Gambia is like a real-life Tinder for geriatrics

14 April 2018

9:00 AM

14 April 2018

9:00 AM

When Facebook and co stop selling on our details to third parties, will it be the end of spam? For half an hour every evening my otherwise chatty husband is lost to me as he deletes hundreds and hundreds of emails. My PA does the same, and so do I. The waste of time is criminal. But I doubt the spam will stop. If junk through the front-door mail box isn’t illegal, I guess junk through a virtual mailbox can’t be either. Grrr… Technology was supposed to save us time, remember? What a joke. It just frees you up to deal with more junk.

Desperate for sun and time for me to get the final rewrite of a cookbook and a novel done, we looked for somewhere as near culture-free as possible. If there were any museums, art galleries, ancient buildings or sights to see, hubby John would have been in there like a shot, with me tagging along for fear of missing something. Over the years the most culture-free places we’ve found are Sharm El Sheikh and Sint Maarten. Sharm was full of the sort of Brits who make you ashamed to belong to the same nation, and Sint Maarten is two flights and a long way away. Gambia looked like ticking all the boxes: perfect climate, white beaches, English the national language, no time change, only a six-hour direct flight, minimal crime and safe, so we booked.

Gambia is all of the above, but it surprised (not to say shocked) this couple of oldies. It’s a kind of real-life Tinder dream for geriatrics. The beach was full of elderly white European women happily strolling along hand in hand with beautiful young Gambian men. And triumphant seventysomething white men living the dream, cocktails or beer glass in hand, lounging about with glamorous black girls on the double beach beds. If John or I walked alone on the beach, within seconds a charming if overeager ‘beach bumster’ of the opposite sex would tag along, offering to be a ‘friend’.

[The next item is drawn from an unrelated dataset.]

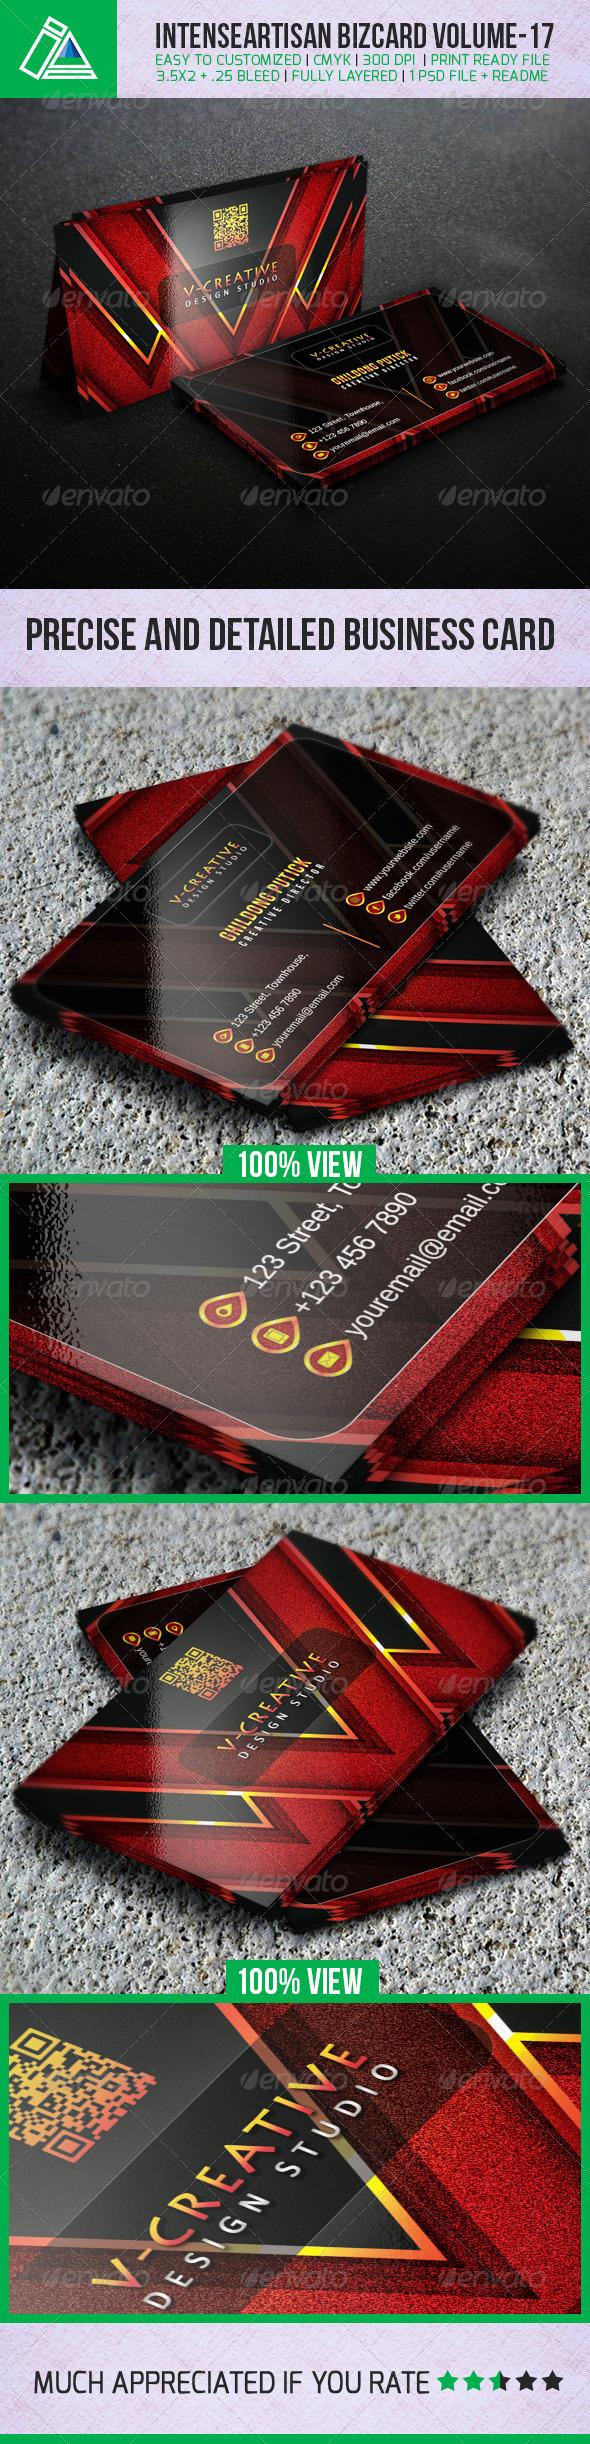 IntenseArtisan Creative Business Card Vol-17 - Creative Business Cards
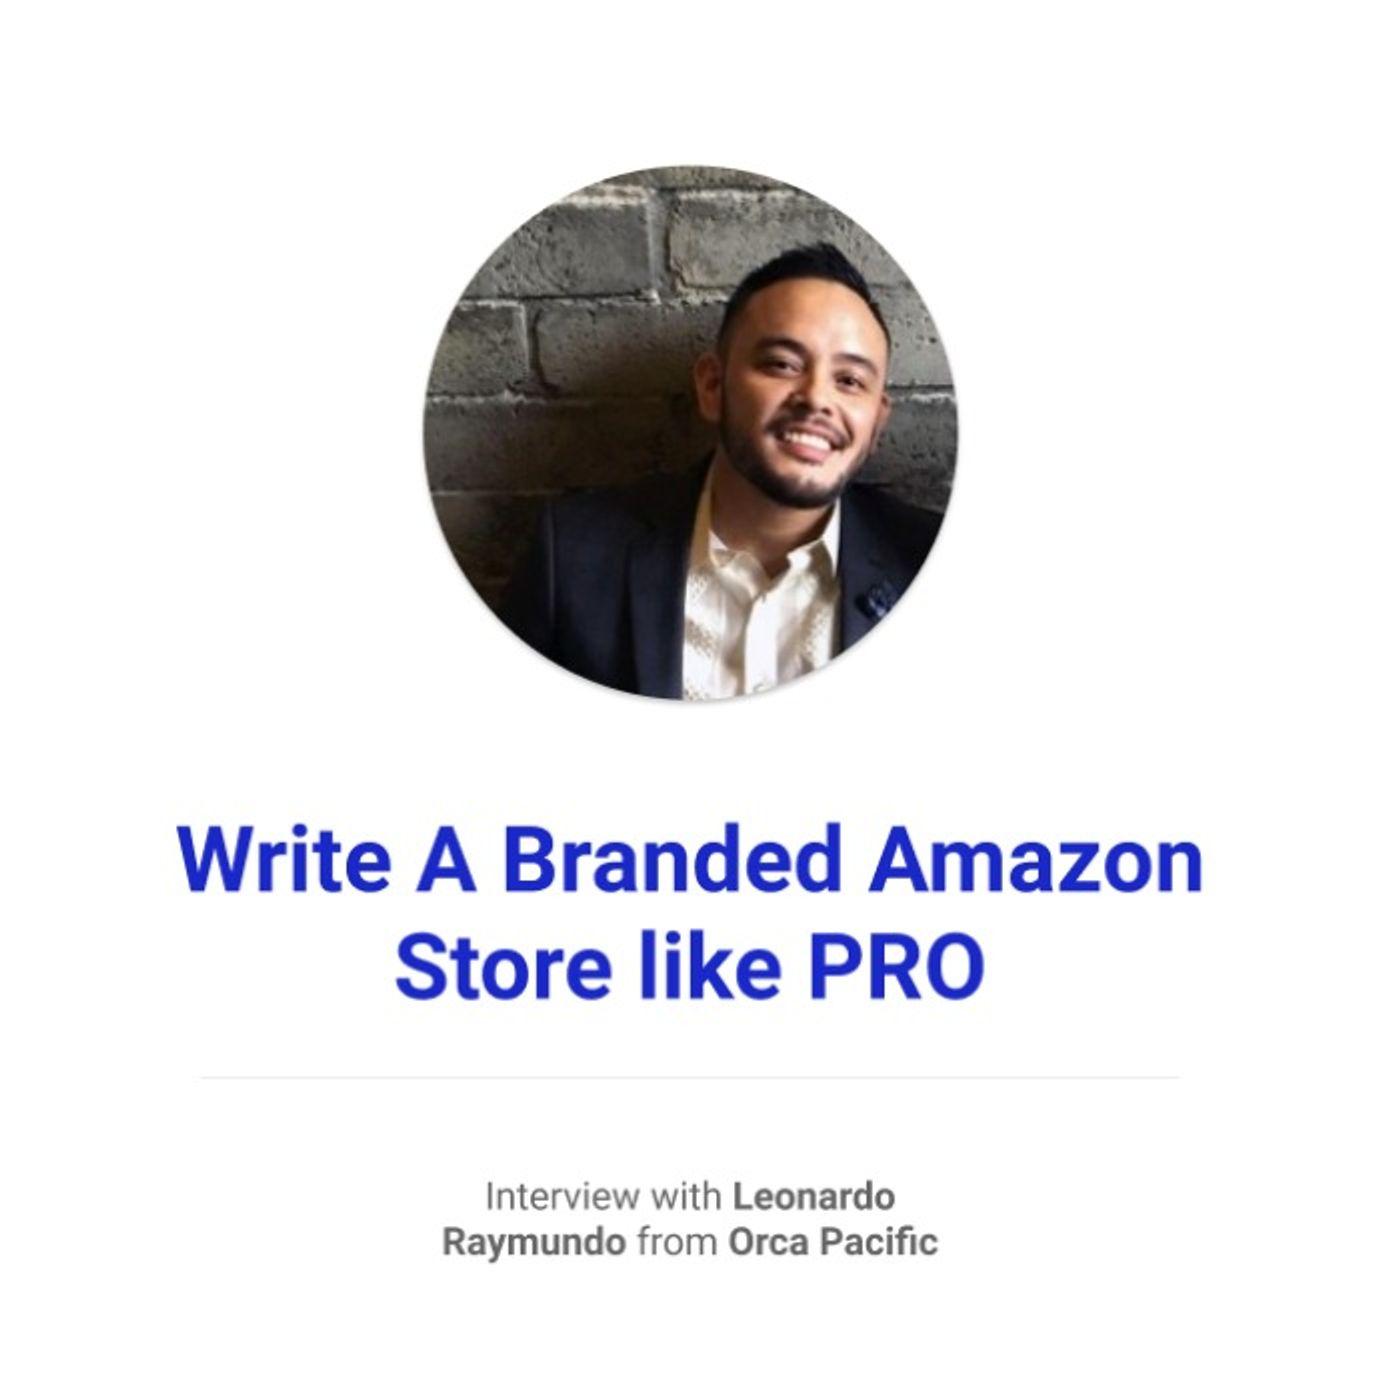 Write A Branded Amazon Store like PRO

There were some geriatrics who, like us, hadn’t come in search of sex. Many had been going to the country for years and loved it. But those faithful returners mostly thought they wouldn’t be doing so for much longer. Since British Airways stopped flying there, most of the tourists are on all-in holiday packages, and the hotels are going downmarket, attracting customers in search of the all-you-can-eat-three-times-a-day deal. Next door to our hotel was a mini-Magaluf, rammed solid with drunken young. We were in an old colonial sprawl with spacious gardens, big pool and loungers on the beach. In its heyday it had seven restaurants; now it has only one for breakfast, plus a pool café, and it is thinking of trapping its clientele with an all-in deal. Sad.

One of the joys of doing telly is being fussed over by hairdressers, make-up artists, wardrobe mistresses and style gurus. This morning I was asked what skincare products I preferred. Did she mean the E45 (£9.49 for half a litre) I slap all over my face, body, feet and hands? Or the bubbly stuff from Nivea (all-in-one face, hair and shower wash for men) at £1. Ever since, 30-odd years ago, Anita Roddick broke the beauty conspiracy to tell us vegetable fat was as good as a £300 pot of youth elixir, I’ve happily stayed away from the snake-oil merchants.

I used to be a hot theatre-goer but today I prefer ‘live’ cinema streaming. At least if the play’s a washout it hasn’t cost a fortune. Trip to London, taxis, tickets, dinner and a night in a hotel cost more than a mini-break in Istanbul. But we are risking it for Hamilton. Not till November, though: you have to book ten months in advance.

This winter has meant an unprecedented amount of mud brought in by the dogs and deposited on carpets and sofas. Our cavalier spaniel is the worst offender, partly because she can’t resist a newly dug border or a muddy puddle, but also because she’s low on the ground with feathery feet, tail and tum. Trying to catch her for a freezing douche from the outside tap had her sprinting for the drawing room, so we’ve connected the tap through the wall to the kitchen sink and set the temperature to warm. Now Tattie stands stock still for her shower. If she were a cat, she’d be purring.